Я абсолютно не знал, что посоветовать.

«Может, вам с ней поговорить? — стеснительно предложила Крыльцова. — Почему-то Оля вас упоминала». — «Меня?» — поразился я. — «Да, она читала ваши книги». — «Что ж, я готов. Только…» — «Только я ещё раз у неё спрошу» — закончила мою незавершённую фразу она.

Но Ольга отказалась со мной встретиться. Не знаю, по какой причине. Честно говоря, самого меня пугала эта встреча, её исповедь: ну, в самом деле, чем я мог её утешить, к чему призвать?.. И вообще: мог ли я по-настоящему ей помочь, если она отвергает законные пути отмщения? Посочувствовать, обругав творимый в стране беспредел? Но это всё пусто; ничто!
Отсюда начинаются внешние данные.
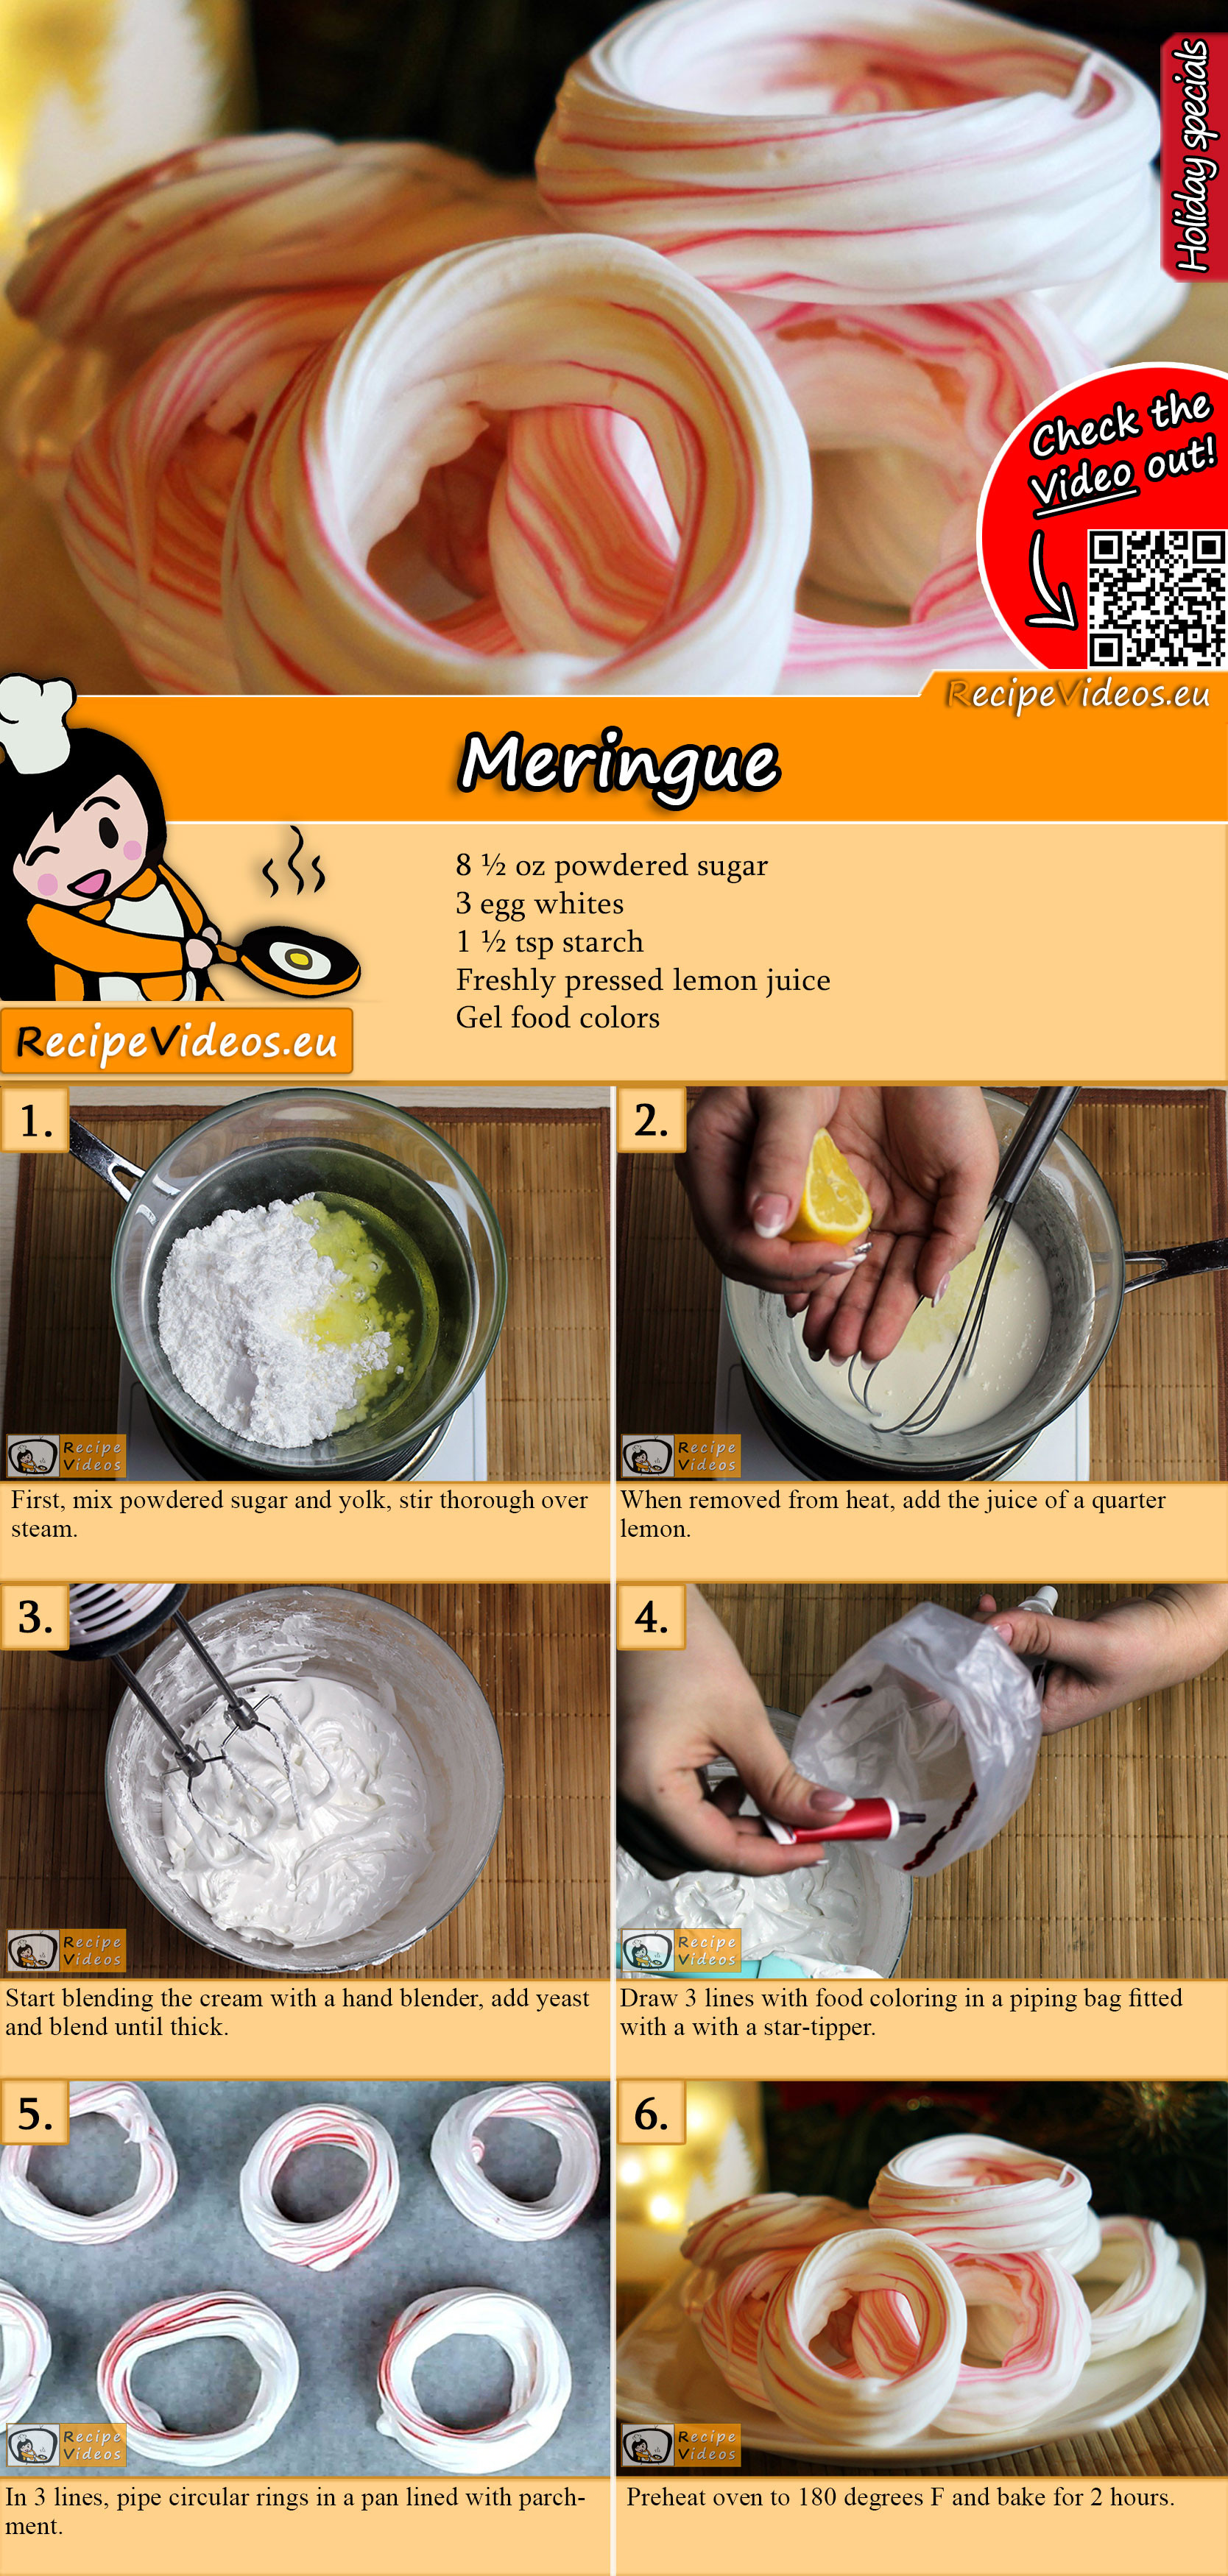 Meringue recipe with video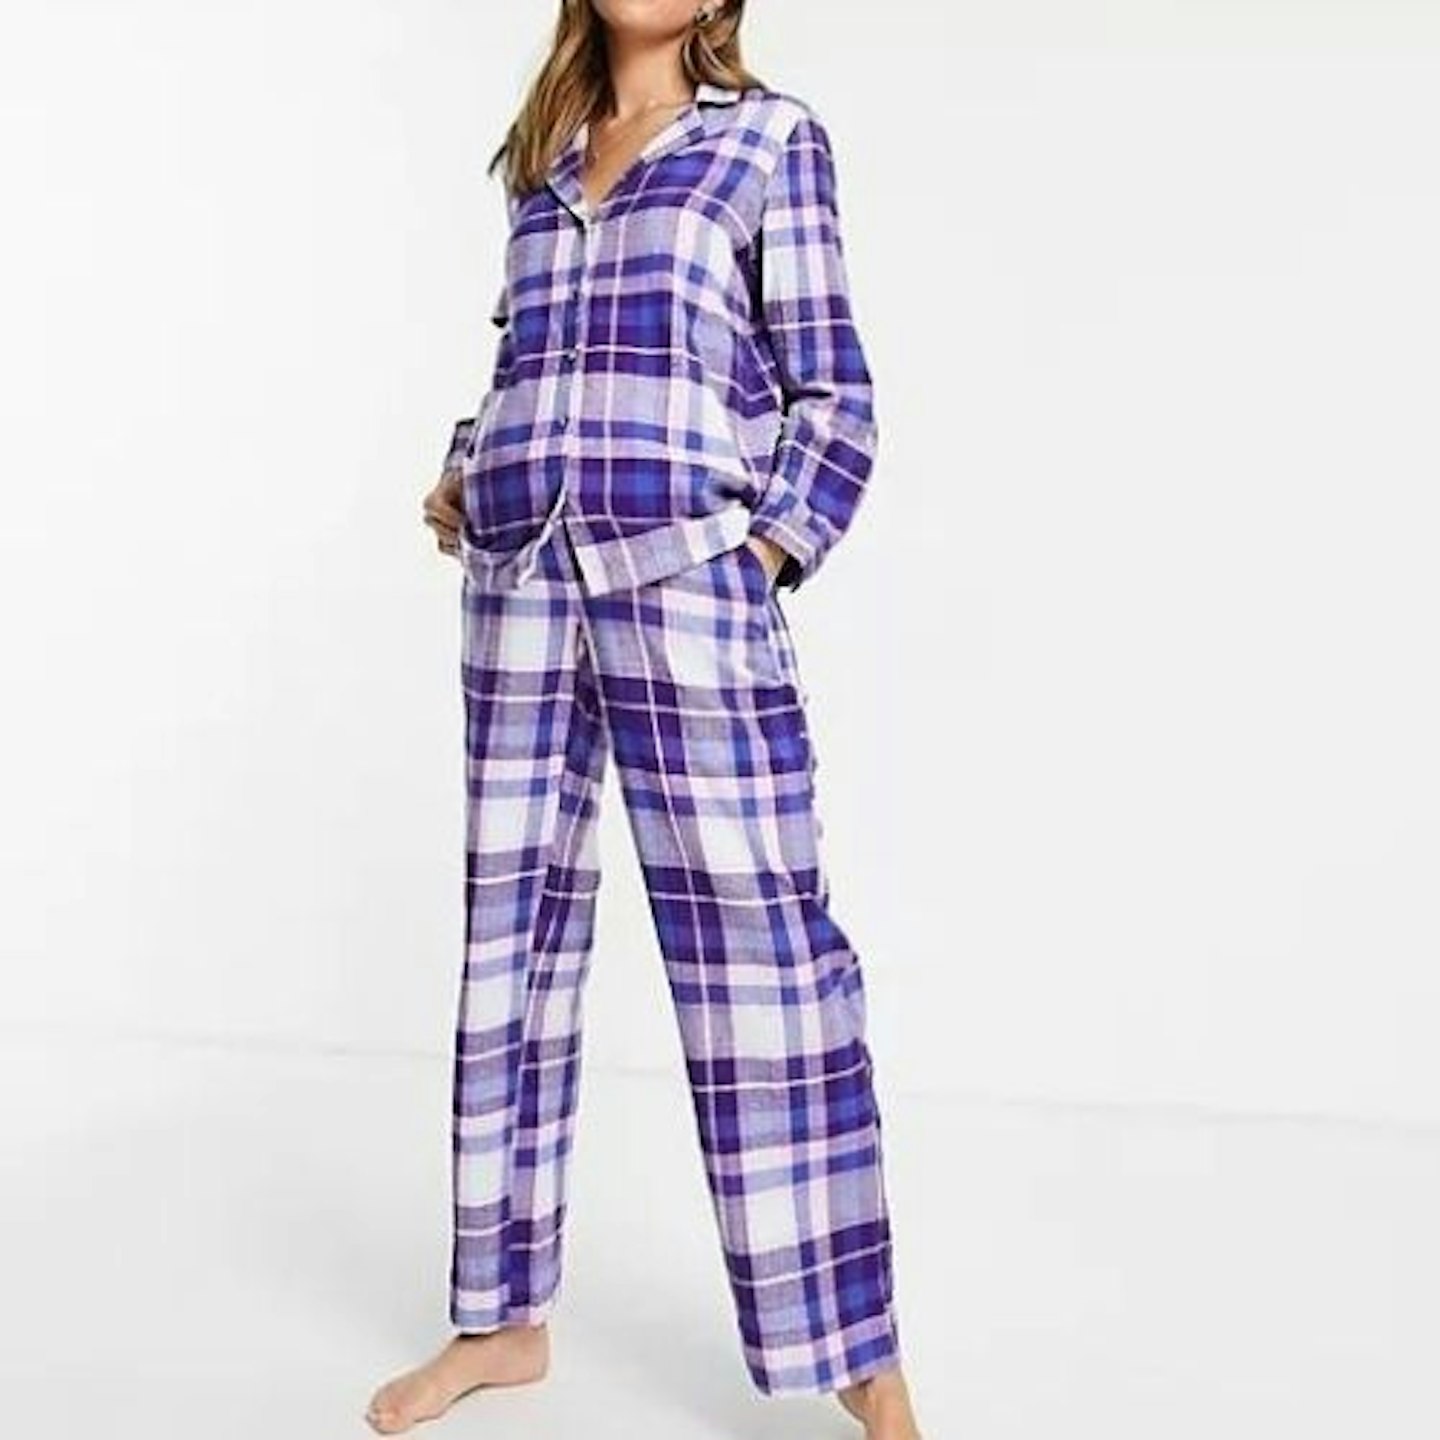 Pieces Maternity long sleeve pyjama set in purple check

Надо ведь разоблачать, наказывать, заточать в тюрьмы, строго держать в неволе гнусных преступников, особенно садистов, насильников…

Но! Если я уговорю её возбудить уголовное дело, думалось мне, то каковы будут последствия?.. Разрушение семьи, позор… И вероятное убийство, и вероятное самоубийство… Нет, в самом деле, патовая ситуация, безысходная… Вот и получается то, к чему она сама пришла: лучше сохранять в тайне, — пытаться забыть, вычеркнуть из памяти… И не сойти с ума… Но — удастся ли? Хватит ли душевных сил?..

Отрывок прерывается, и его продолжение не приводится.